--- DATASET EXTRACT Enclosed Below ---

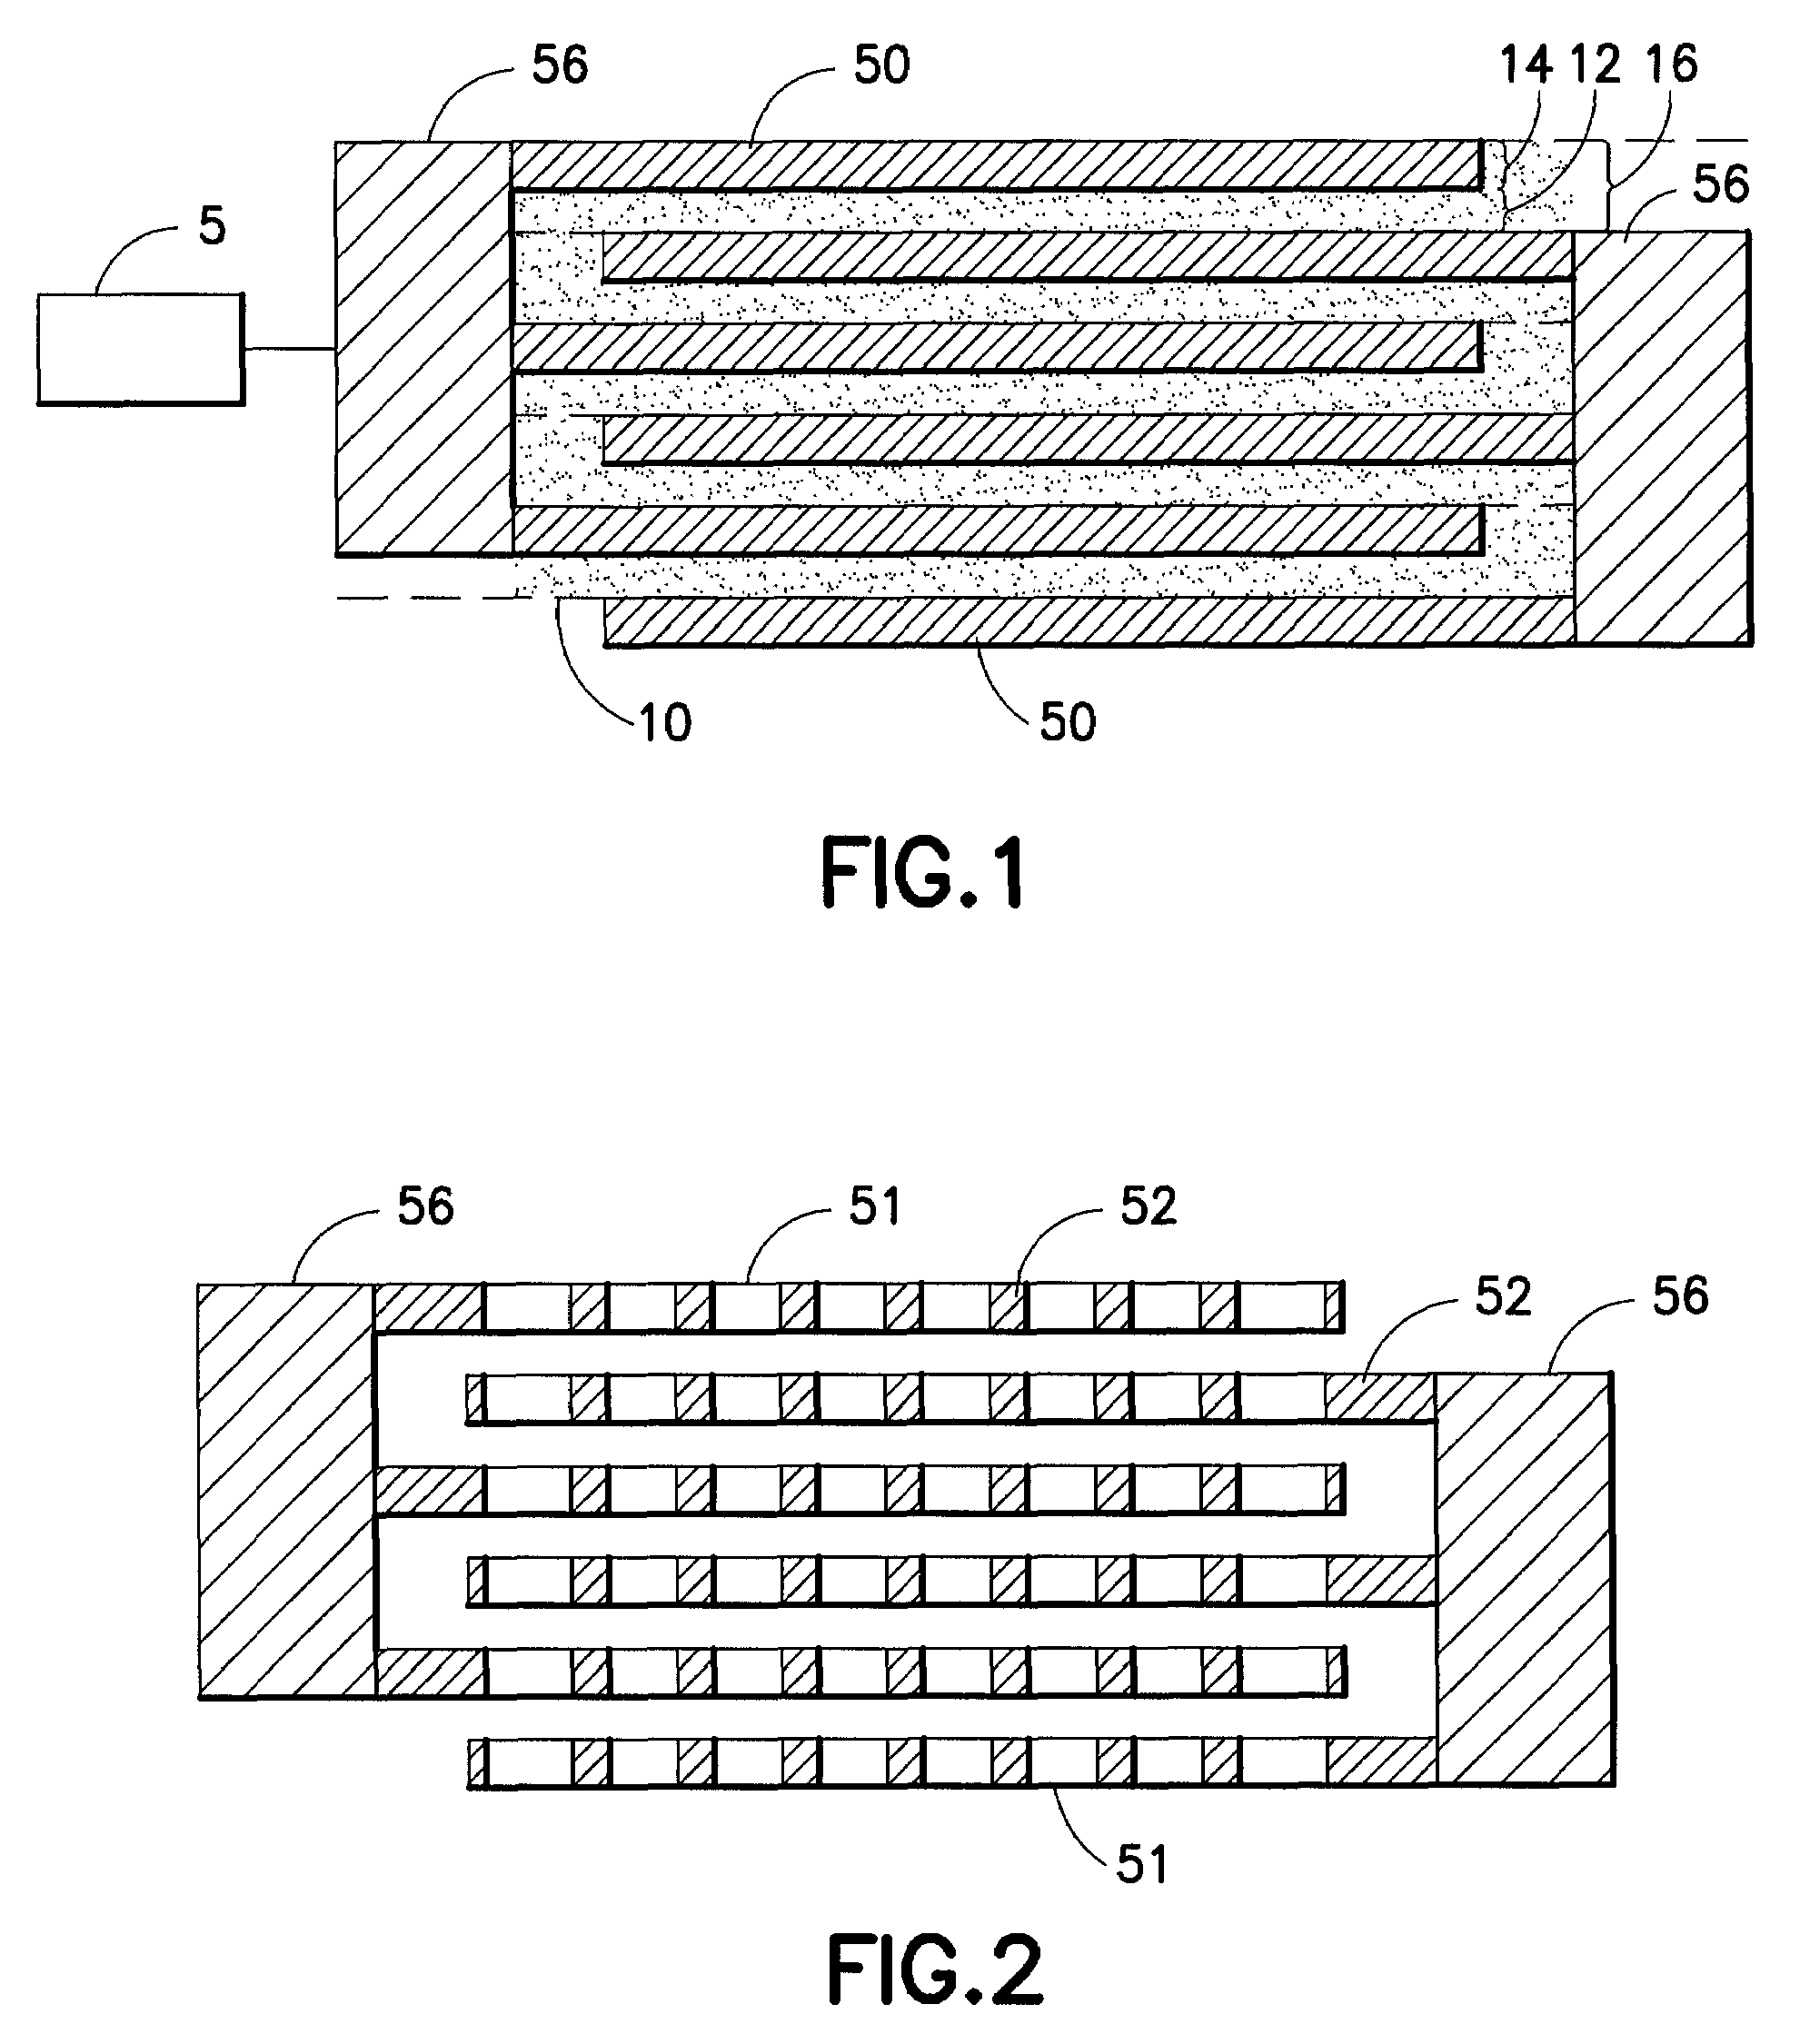 Integrated parallel plate capacitors
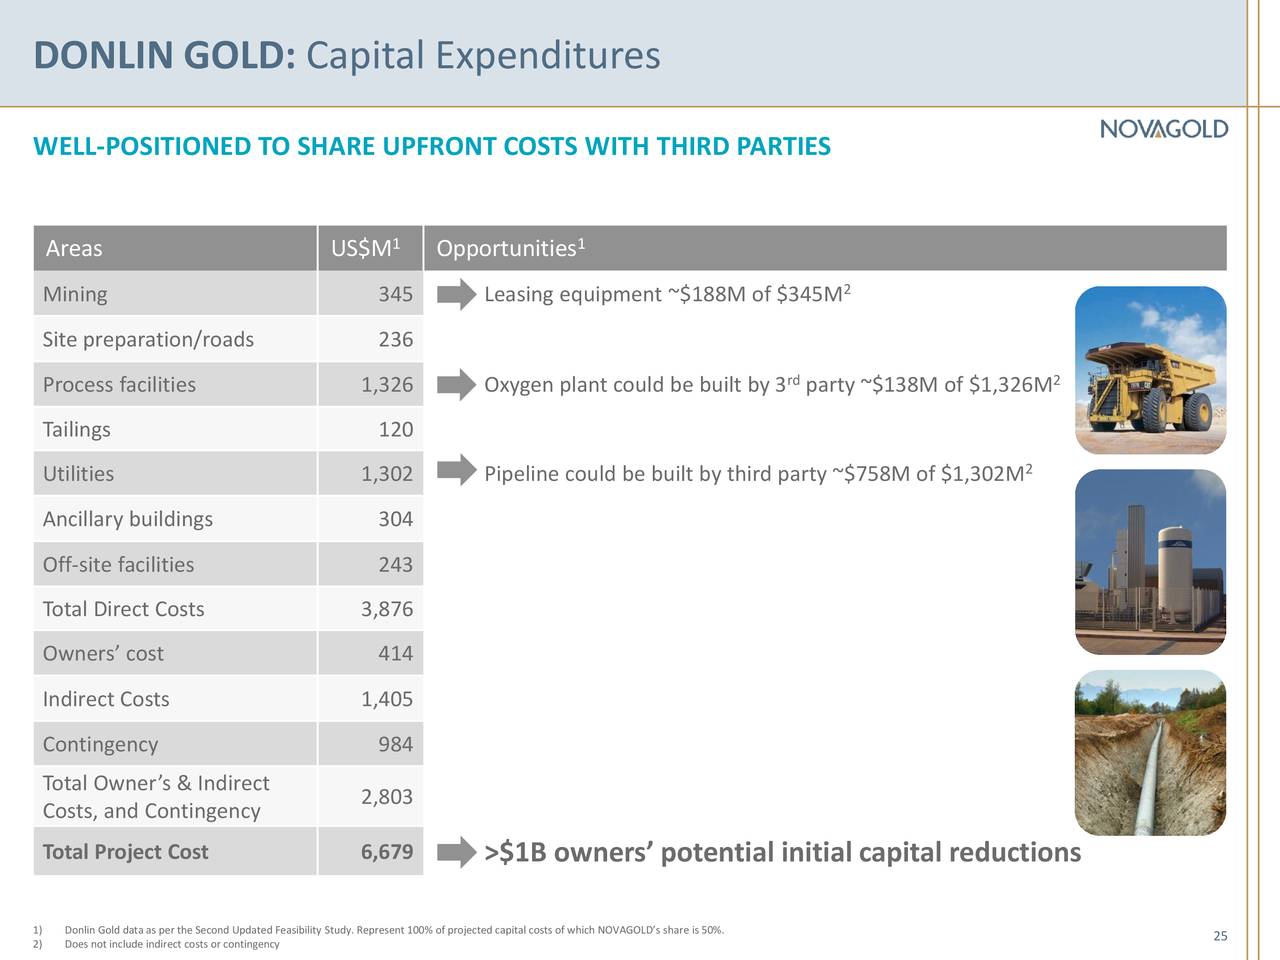 DONLIN GOLD: Capital Expenditures
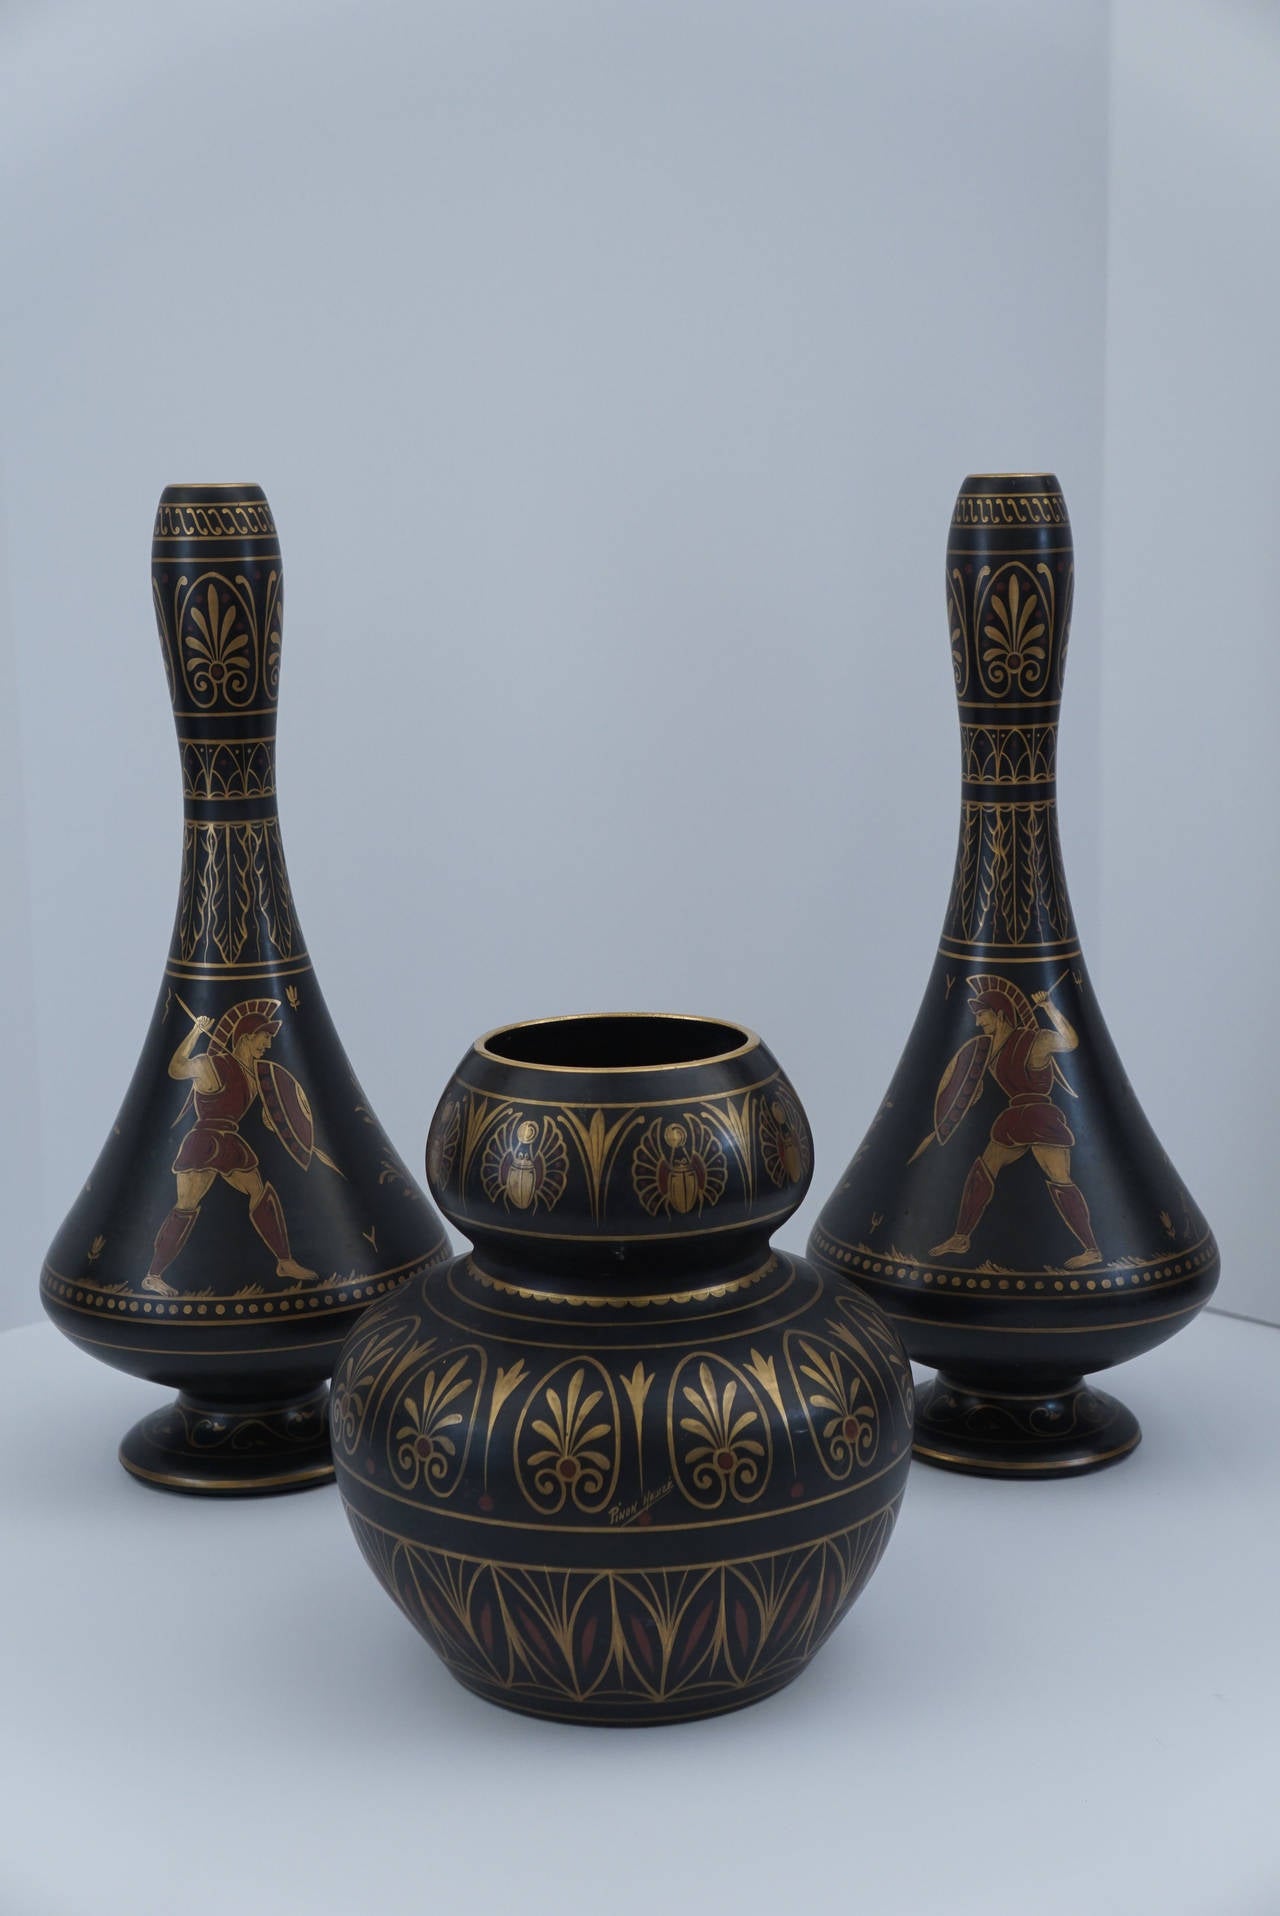 This unusual garniture was made in France and is marked correspondingly by the pottery company Alexander Bigot. Created from hand shaped terracotta which has been glazed then hand painted in gold and polychrome colors.  The painting is done in the

--- End of Enclosed DATASET EXTRACT ---

_DIRECTIONS FOR THIS TASK:_
For each line above, output its wording exactly and leave out any picture.

_OUTPUT FOR THIS TASK:_
 Integrated parallel plate capacitors
 DONLIN GOLD: Capital Expenditures
 This unusual garniture was made in France and is marked correspondingly by the pottery company Alexander Bigot. Created from hand shaped terracotta which has been glazed then hand painted in gold and polychrome colors.  The painting is done in the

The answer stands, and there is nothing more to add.